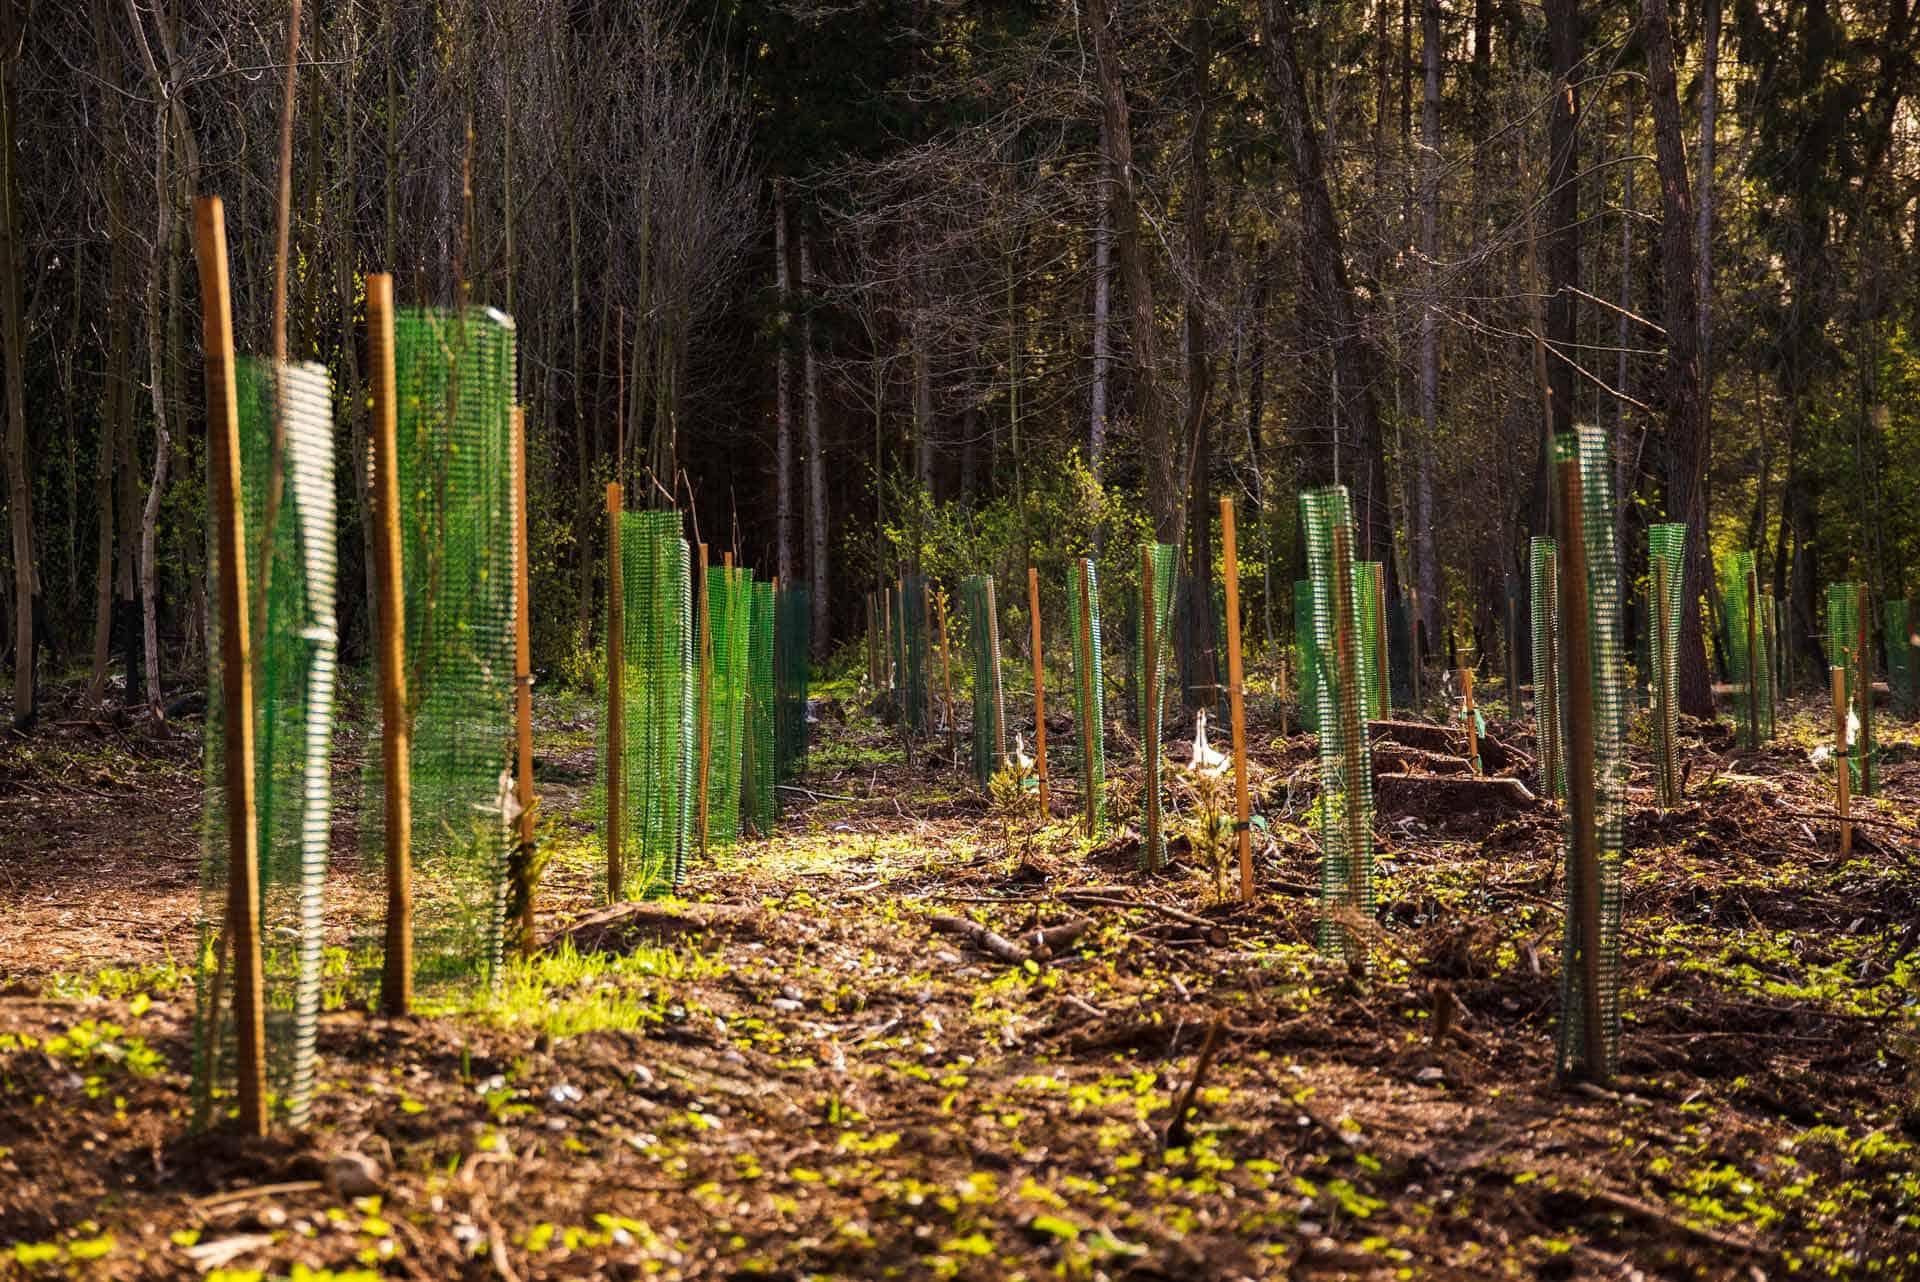 træplantning i skoven
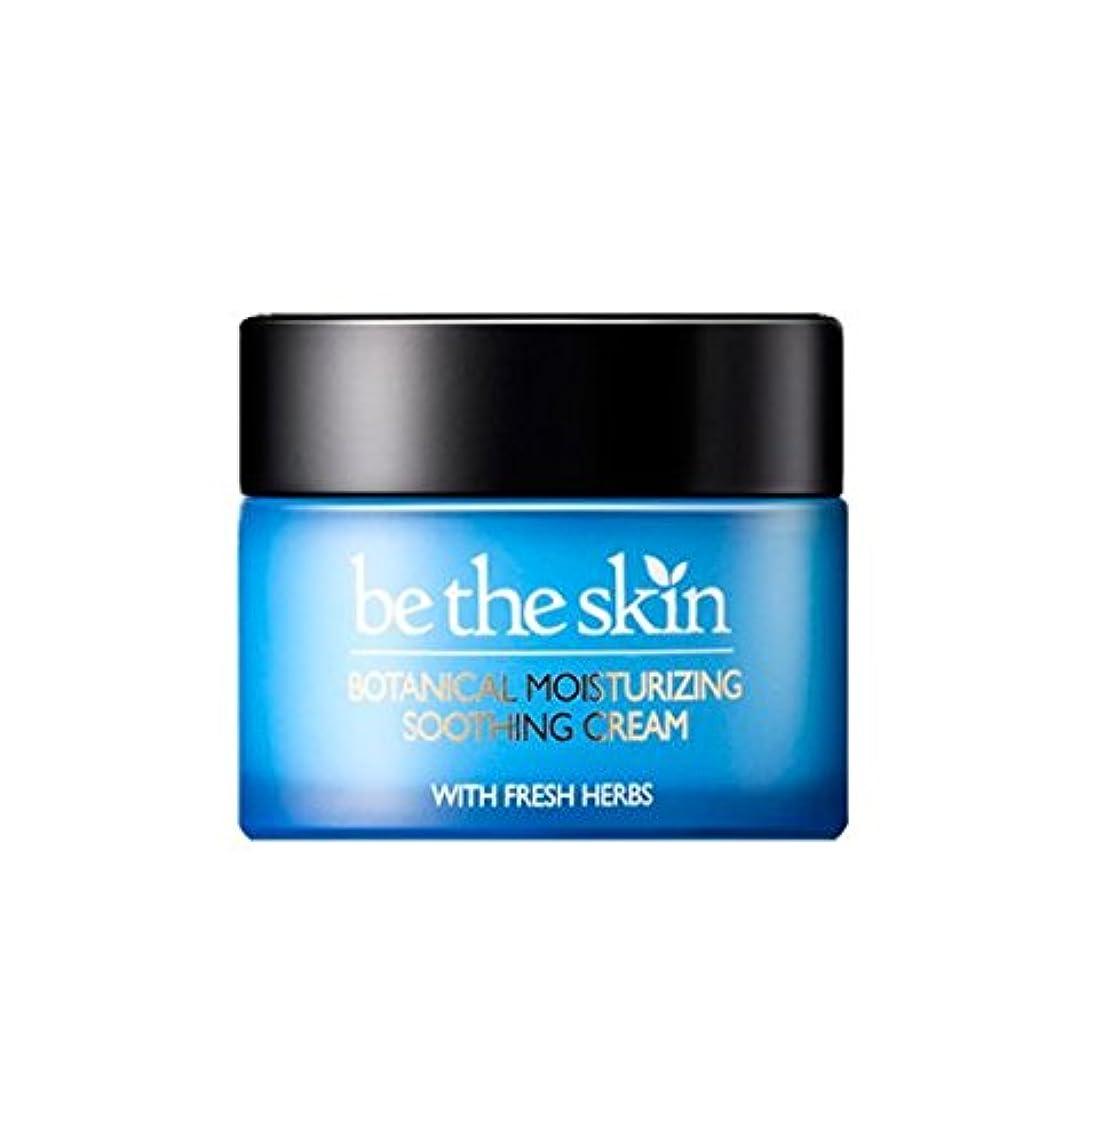 十代群れ二週間Be the Skin ボタニカル モイスチャライジング スージングクリーム / Botanical Moisturizing Soothing Cream (50ml) [並行輸入品]
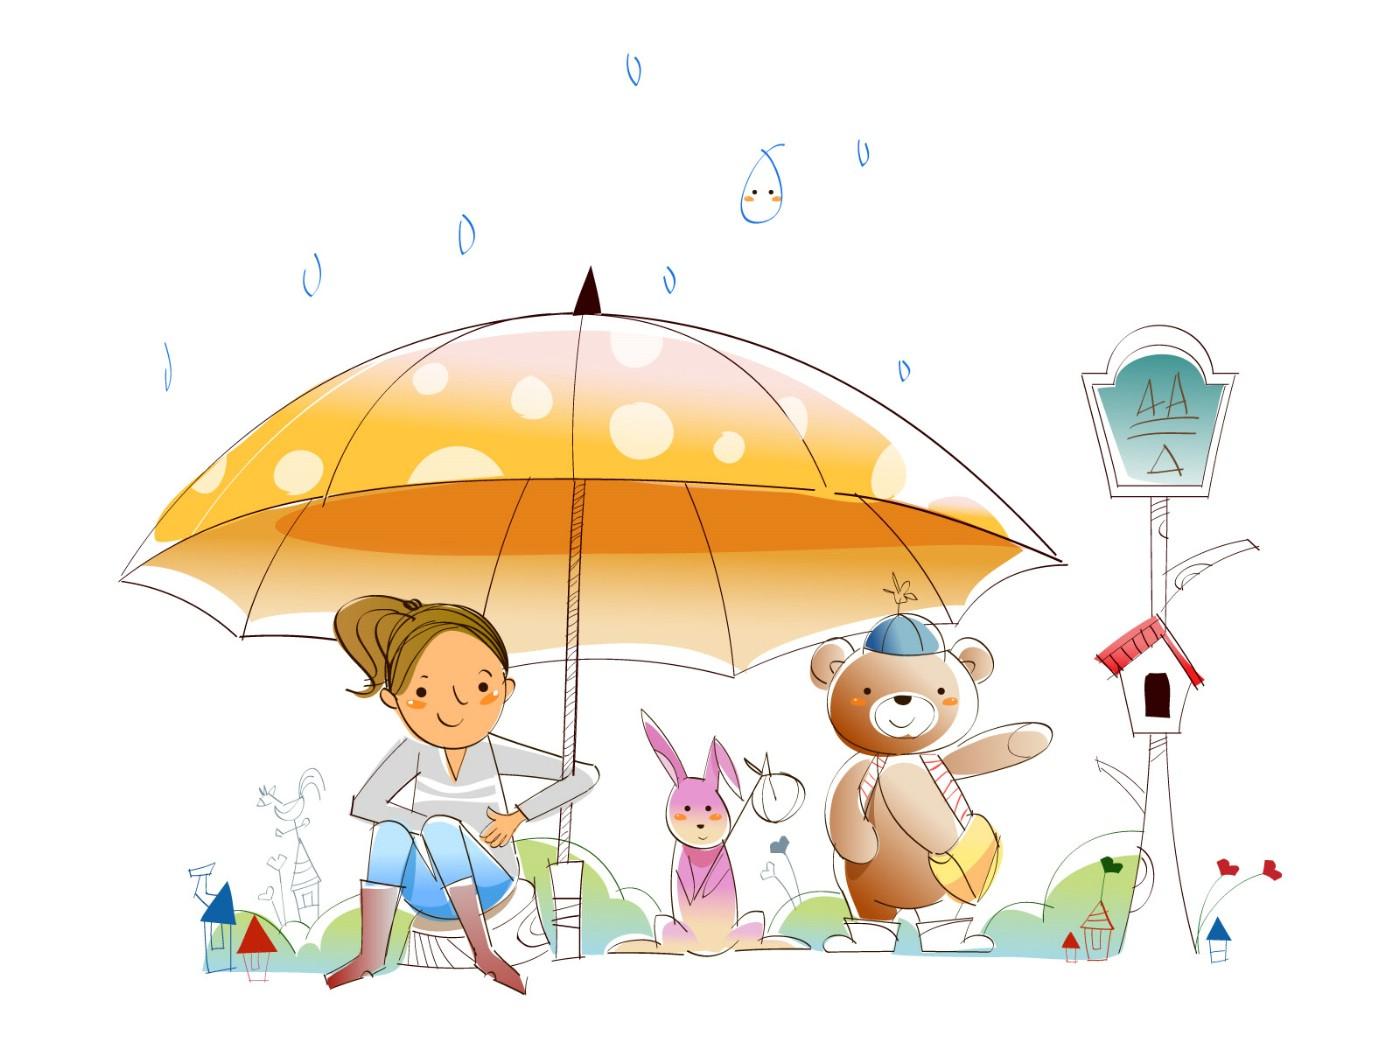 卡通雨伞图片卡通雨伞简笔画图片
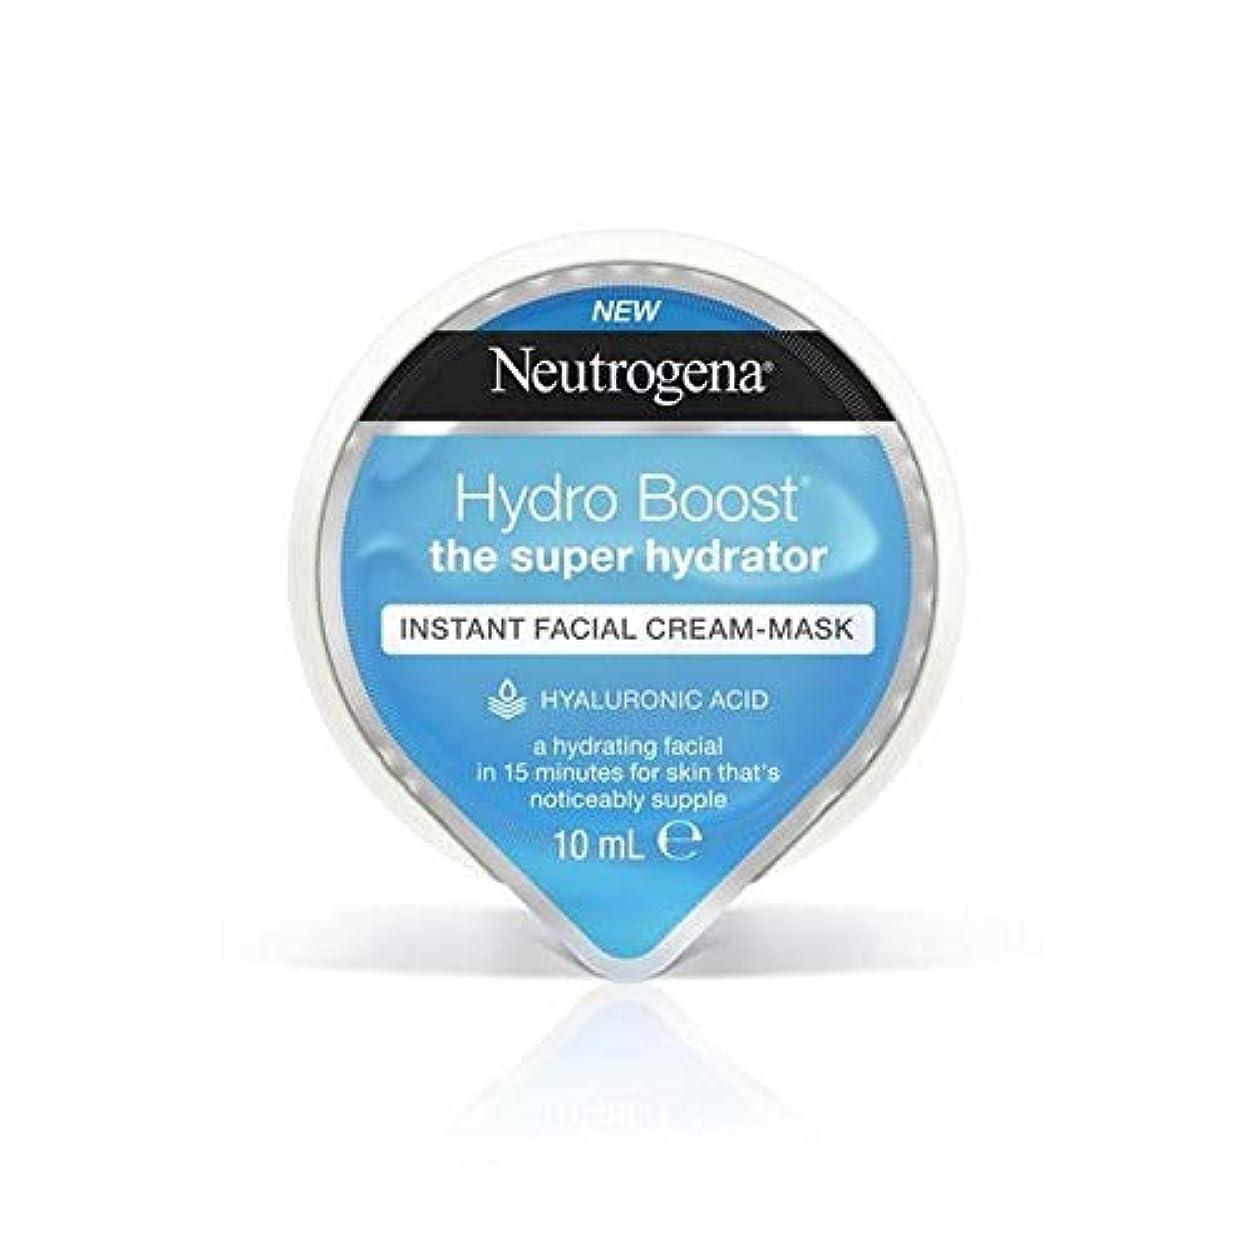 移民メンタリティ水分[Neutrogena] ニュートロジーナ水力発電は、インスタントフェイシャルクリームマスク10ミリリットルを後押し - Neutrogena Hydro Boost Instant Facial Cream Mask...

◆ What to do
Set down all the material exactly once more. No pictures.

◆ Finished task
 træplantning i skoven
 十代群れ二週間Be the Skin ボタニカル モイスチャライジング スージングクリーム / Botanical Moisturizing Soothing Cream (50ml) [並行輸入品]
 卡通雨伞图片卡通雨伞简笔画图片
 移民メンタリティ水分[Neutrogena] ニュートロジーナ水力発電は、インスタントフェイシャルクリームマスク10ミリリットルを後押し - Neutrogena Hydro Boost Instant Facial Cream Mask...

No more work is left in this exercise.